Seven severely disabled children cannot overturn an executive order by Texas Gov. Greg Abbott (R) banning schools from responding to the COVID-19 pandemic with mask mandates, a divided panel of the Fifth Circuit Court of Appeals has ruled.
In August 2021, the children — represented by the advocacy group Disability Rights Texas — filed a lawsuit in the U.S. District Court for the Western District of Texas alleging that Abbott’s Executive Order GA-38 violates the Americans with Disabilities Act (ADA), Section 504 of the Rehabilitation Act, and the American Rescue Plan (ARP Act).
The order decreed: “No governmental entity, including a county, city, school district, and public health authority, and no governmental official may require any person to wear a face covering or to mandate that another person wear a face covering,” leaving exceptions for certain hospitals and prisons.
The children reached early success in the courtroom of U.S. District Judge Lee Yeakel, a George W. Bush appointee who found in their favor in a detailed ruling following a bench trial.
“The evidence here supports that the use of masks may decrease the risk of COVID infection in group settings,” Yeakel found on Nov. 10, 2021. “Plaintiffs here are at higher risk of contracting COVID that their non-impaired peers. But because GA-38 precludes mask requirements in schools, Plaintiffs are either forced out of in-person learning altogether or must take on unnecessarily greater health and safety risks than their nondisabled peers. The evidence presented by Plaintiffs establishes that Plaintiffs are being denied the benefits of in-person learning on an equal basis as their peers without disabilities.”
On Monday, two Donald Trump appointees on the U.S. Court of Appeals for the Fifth Circuit overruled that decision, ordering the lower court judge to permanently dismiss the case.

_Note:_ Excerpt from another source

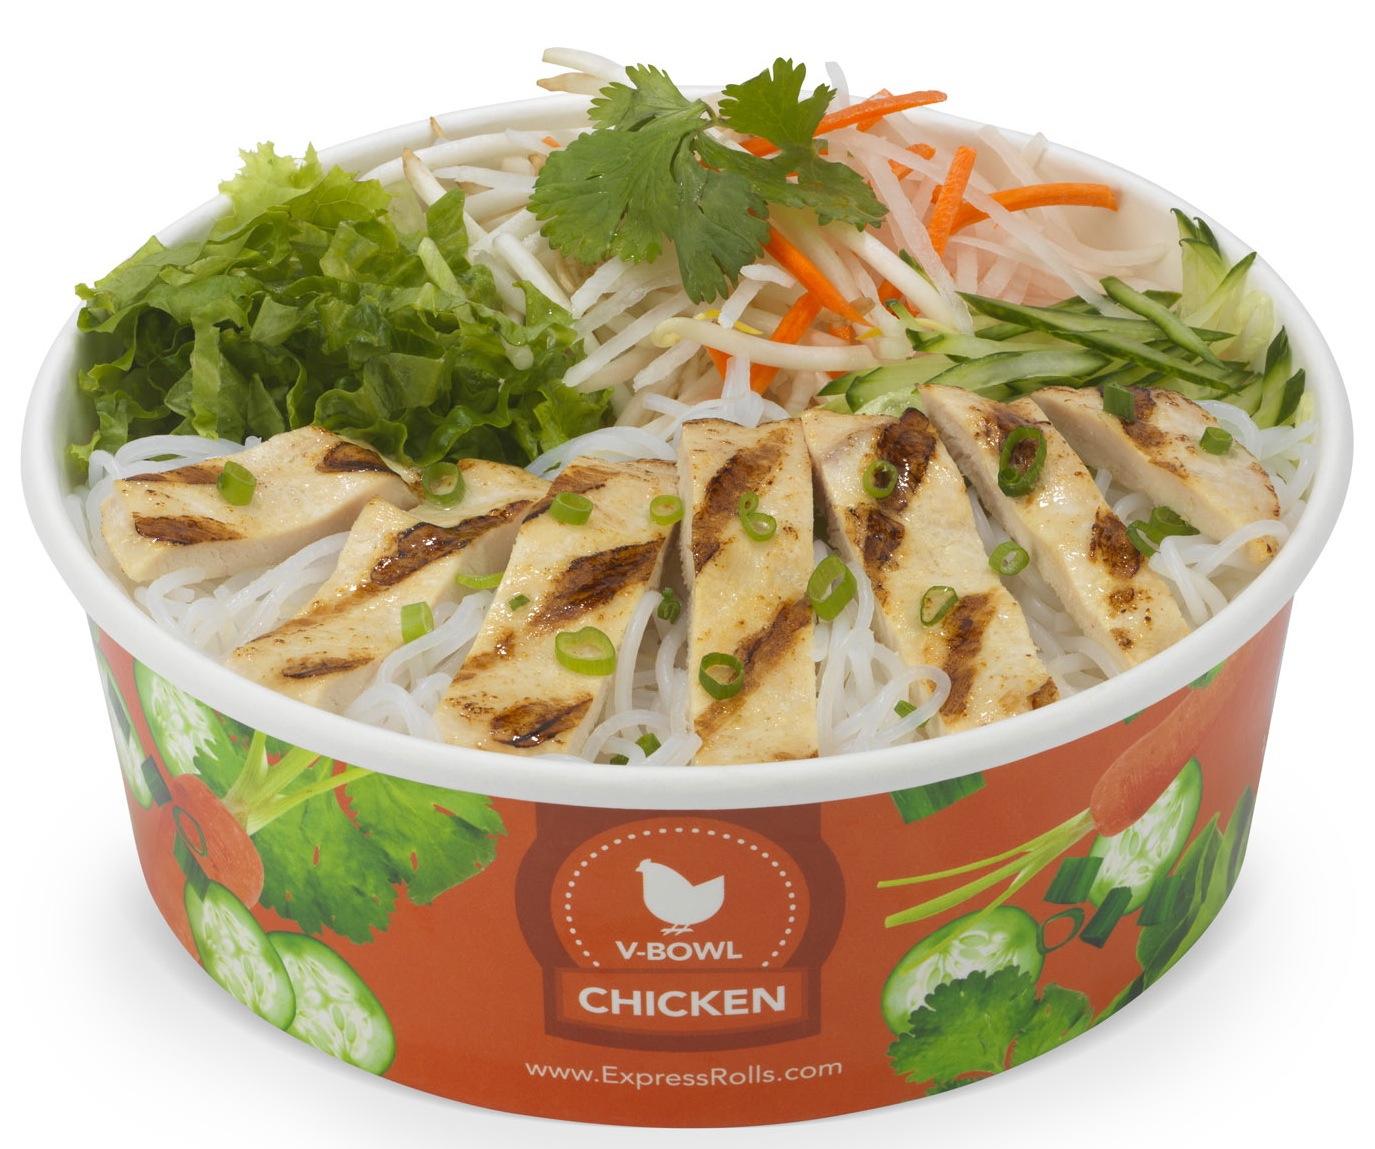 Lemon Chicken Vietnamese Salad Expressrolls.com
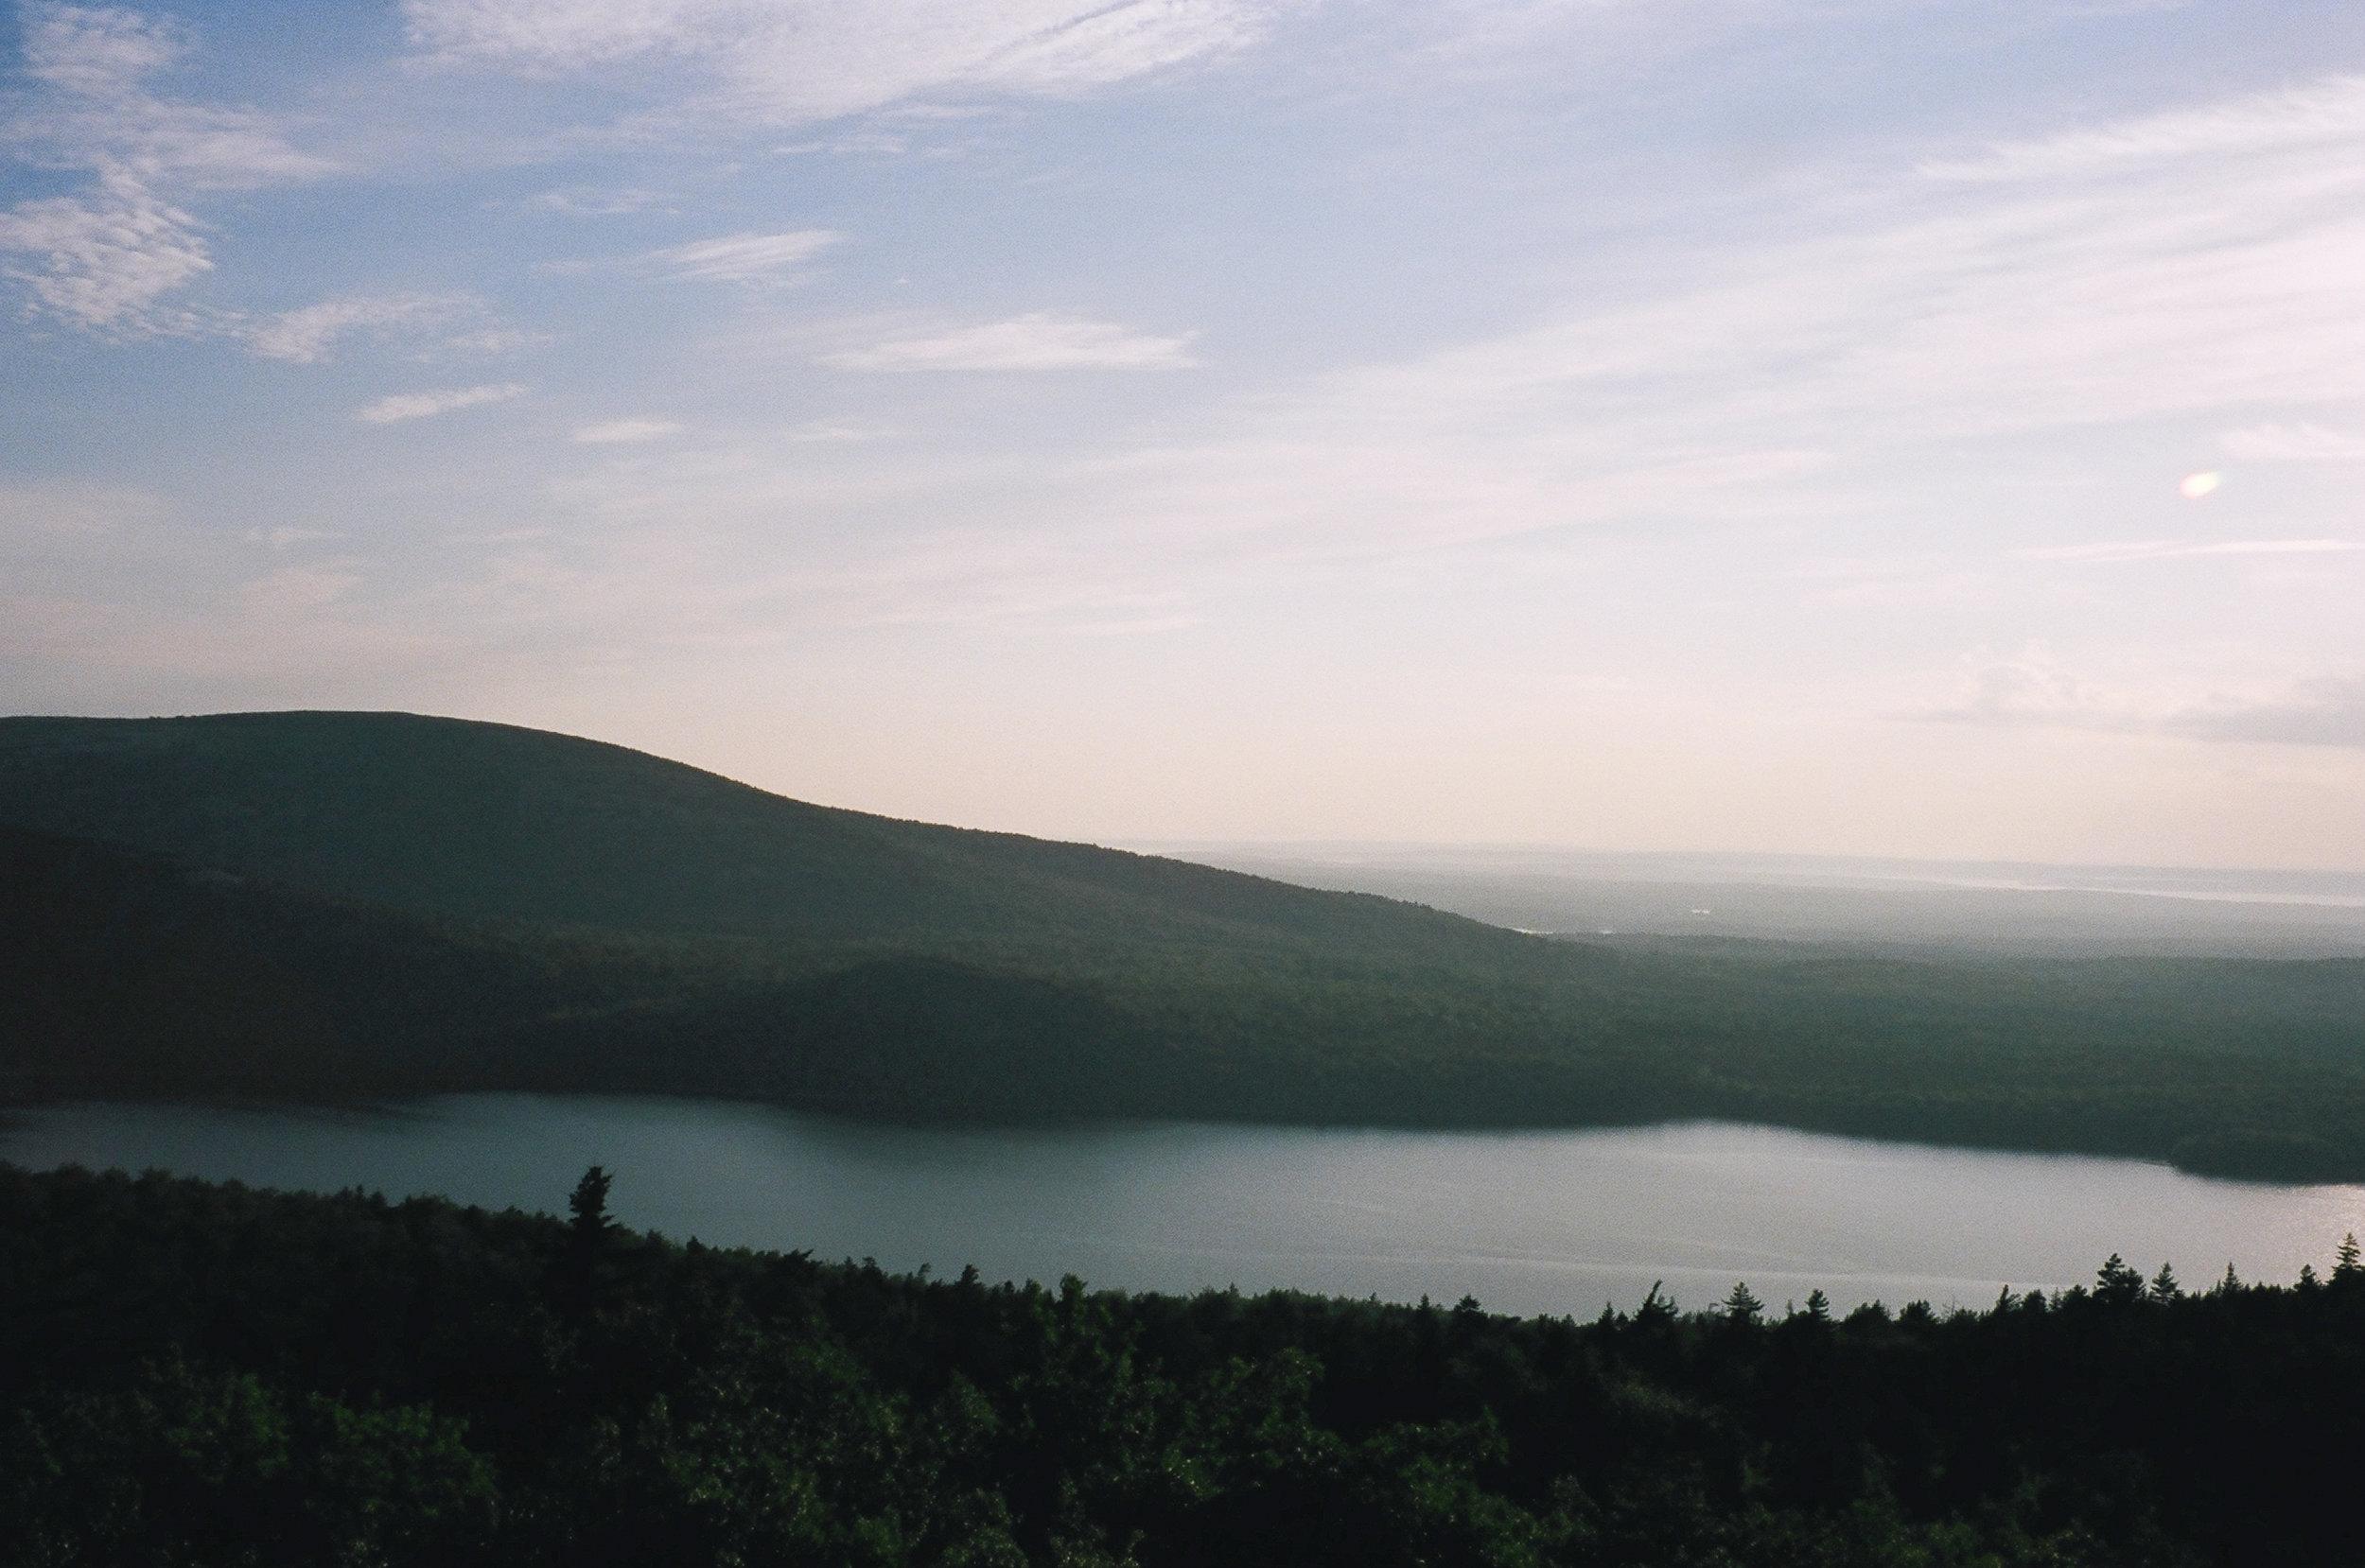 LeicaM6_Portra400-382.jpg

U.S. Circuit Judges Andy Oldham, the lead author, and Don Willett said that the children couldn’t meet their burden.
“Here, all agree plaintiffs have physical access to their classrooms,” the majority opinion states. “All agree all seven schools take a multi-pronged approach to COVID-19 mitigation. All agree plaintiffs, their classmates, and their teachers are welcome to wear masks and ask those around them to wear masks. All agree plaintiffs presented zero evidence that anyone—let alone ‘individual[s] working constantly with a disabled child,’ […] —would refuse a request to wear a mask or take comparable safety measures while working closely with a vulnerable student.”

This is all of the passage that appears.